The advantages of the proposed multi-network model include the following. First, the i-RAPIT model can seamlessly learn from both annotated data and a large number of unannotated clinical image data. Combining labeled data and large amounts of unannotated data can help the deep learning model to better generalize than using labeled data alone. Second, the model uses multiple types of input information including images and clinical report features, whereas the traditional deep networks, such as CNNs [37], can only use a single type of data. Third, it makes use of a high-performance and data-efficient deep network, which our prior work has shown to outperform state-of-the-art deep networks terms of classification accuracy while using an order of magnitude fewer data [37]. Fourth, it employs an effective Bayesian deep learning method to estimate the certainty of its prediction besides the final recurrence risk calculation.

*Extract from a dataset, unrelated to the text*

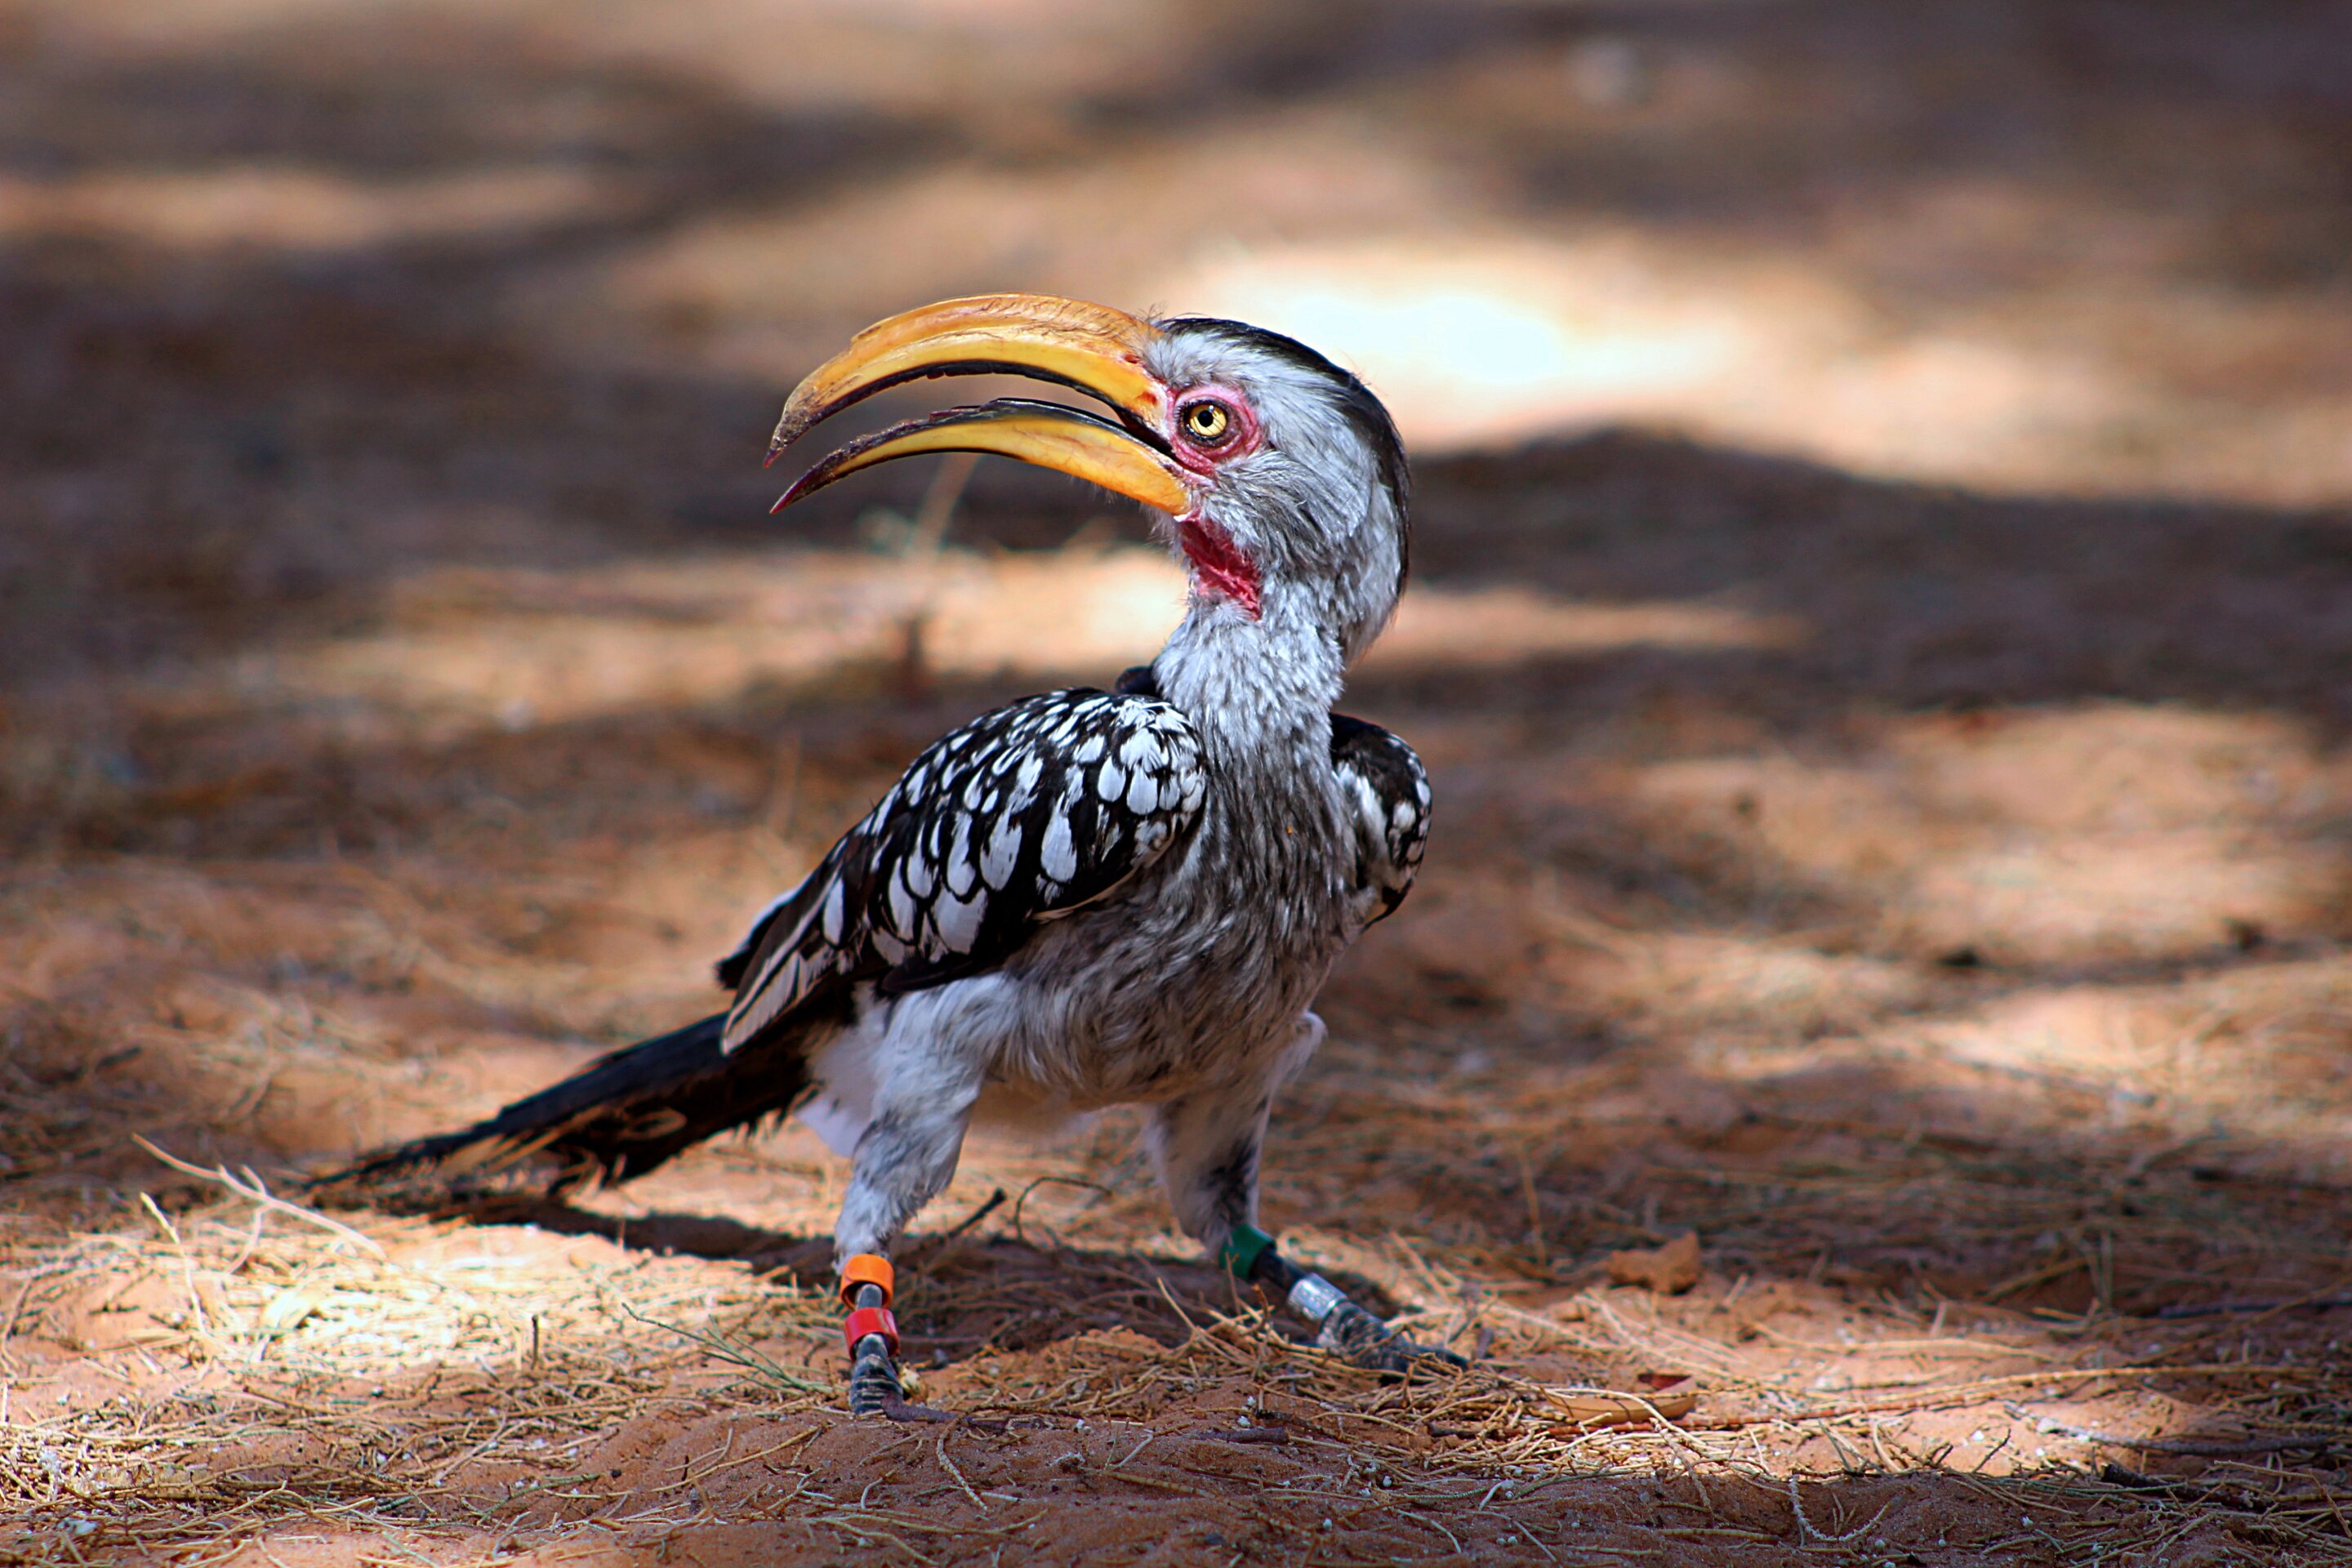 Climate crisis is driving yellow-billed hornbill to local extinction

In the i-RAPIT model, CapsNet network extracts the features from MR images and pathological images, and these features contain the spatial information that is fundamentally different from CNN features. Previous work [48] did the activation maximization analysis and showed that CapsNet network features could be used to better describe all facets of tumor objects or cancer cell conditions than CNN features. The researchers believed that the explainable features used for the machine learning model could improve prediction performance in clinics [50]. The CapsNet network used in i-RAPIT model with routing and reconstruction contains the object spatial information across all capsule vectors. The capsule vectors could indeed capture clinical parameters of tumor objects or cancer cells, which is a major benefit over CNN features. Combining with the clinical signatures, i-RAPIT model explores multiple types of data to identify clinical markers that predict recurrence after liver transplant for HCC.

The i-RAPIT model was built, refined, and validated with patient data from a single large urban hospital system in one of the most ethnically diverse cities (Houston, TX) and the multi-site testing was performed with data from hospitals still restricted to South Texas. This may affect generalizability of the study. A wider geographic spread, multi-center study is being planned to assess the scalability of the risk prediction model. This risk assessment is to support liver transplantation decision making for recipients with HCC and not a definitive diagnosis tool. For example, patients assessed as ‘intermediate risk’ (model output is close to 0.5) by the i-RAPIT model would still need to be engaged by their healthcare provider to arrive at an informed decision on whether to proceed with a liver transplantation.

5. CONCLUSION

We adopted the convergent AI strategy to develop an imageomics-based, multi-network deep learning model, i-RAPIT, using multi-scale image and clinical datasets of liver transplantation patients to predict recurrence-free survival in liver transplantation recipients with HCC. We validated the performance of the model using HCC patient data from a major liver transplant center in the United States. The i-RAPIT model aims to support online access by physicians in triaging patients in high recurrence risk groups to reconsider liver transplantation. The model may also allow transplantation of HCC patients based on accurate physiological and clinical data, rather than the current selection criterion based solely on tumor size. The model has the potential to enhance the outcomes of liver transplantation for HCC and expand the number of patients who could receive, but are currently denied, a life-saving organ and an opportunity for freedom from HCC.